Last-ditch push for two Māori regional councillors for Taranaki

6:30 pm on 15 December 2021

Māori need two seats at Taranaki Regional Council's table to represent the region and protect its environment, local government commissioners have been told.

Mt Taranaki

File image. Photo: RNZ/Sally Round

In a last-ditch effort to boost Māori representation two people have appealed the council's decision to stick with 11 councillors, which meant just one Māori constituency for next year's election.

In September the council rejected an option for 13 councillors, which would have seen two chosen by Māori electoral roll voters.

Council leaders told a hearing by local government commissioners the process had been robust and the decision should stand.

But Emily Bailey (Taranaki, Ngāti Mutunga, Te Ātiawa) said one Māori councillor was not enough.

"Having one spokesperson for all of our eight iwi … is a huge job.

"There's about 46 marae in Taranaki are there's around 62 hapū - that's a huge responsibility on one person."

She said Māori had statutory standing as partners of the Crown and original kaitiaki (custodians) of the region.

"We have a special circumstance for our community to be allowed an extra seat.

"To achieve effective representation of our community we need another seat and I don't think it would have a great impact on the rest of the councillors and the greater community."

Bailey said the council had shown a racial divide for generations.

"A council dominated by old, white men needs to see its racial bias and the power and privilege they have to maintain that status quo."

She also argued for a third southern constituency to be restored, as it had been replaced by the single Māori seat in the 11-councillor model.

Bailey is one of six iwi-appointed TRC committee members - three each with voting rights on the Consents and Regulatory, and Policy and Strategy committees.

"We can come to one meeting every six weeks.

"Because you'e only on one committee you only get a snapshot … and we're always outnumbered, so it's kinda tokenism."

She said Māori councillors would have a much broader oversight of the council's work.

"People all around the mounga are dissatisfied and frustrated with Taranaki Regional Council and they want to be involved."

Paora Laurence (Ngāti Mutunga, Ngāti Tama) told the commissioners the council needed a Māori representative from the north and the south of the region.

"I believe two seats are needed to enable participation, partnership, and protection of air land and water."

Laurence said a Māori perspective was needed to restore the mauri (vital life force) of polluted waterways.

"They have no idea what the taiao (environment) means to us as tangata whenua and need more informed perspectives to balance their ongoing desecration."

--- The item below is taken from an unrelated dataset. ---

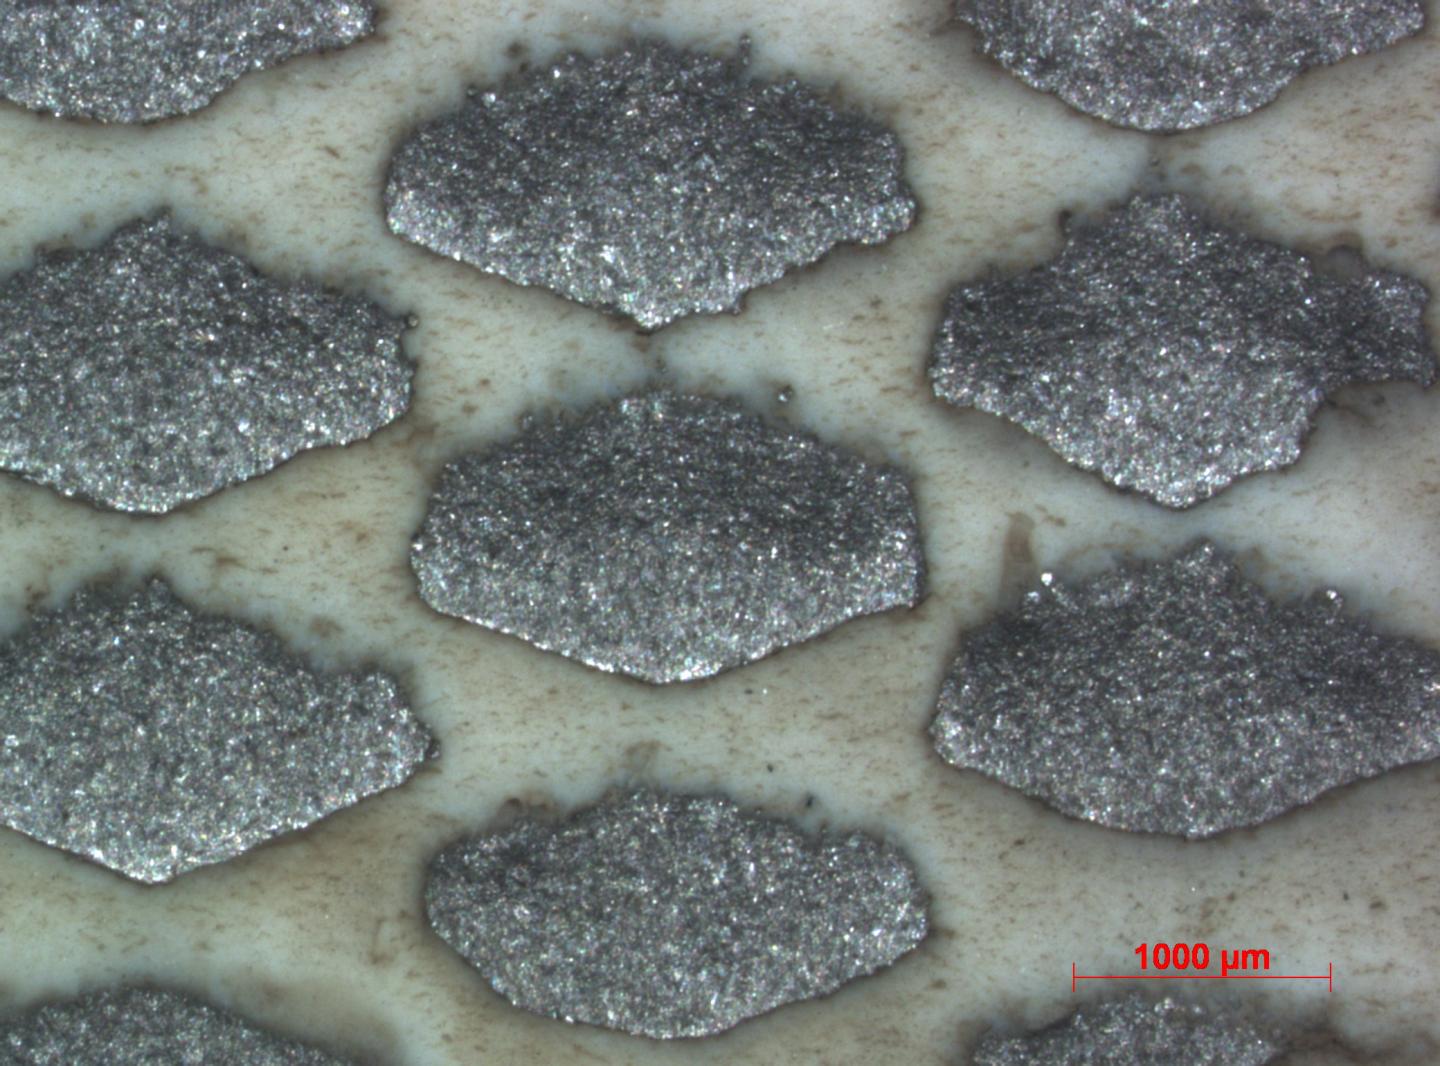 Optical Image of Material Surface after Erosion Testing

TRC chair David MacLeod was one of four councillors who favoured two Māori seats and voted against the 11-seat option.

But he told the hearing the 13-seat proposal had been rejected after meetings and workshops.

"That was robustly debated amongst the councillors subsequent to the hearing process ... and I think I could say that that robust debate presents the case that serious consideration was given to the many options."

MacLeod said the law covering council representation was imperfect, including that it did not guarantee iwi representatives would be elected in their own area.

"There was considerable discussion and debate around one versus two Māori representatives and also where to draw a line across Taranaki [to create two constituencies]."

The council's chief executive Steve Ruru told commissioners three iwi authorities and the Taranaki Māori Trust Board had made submissions during the process, as well as individual Māori.

Along with committee workshops, it made for a thorough process, he said.

"We do have on our committees some very capable, very well-informed iwi representatives that understand this process quite well and have participated in it in the past, and that showed up during that workshops where some very informed commentary was provided and useful contributions made to the discussion."

Local government commissioners Janie Annear and Sue Piper will consider their decision before ruling early in the New Year.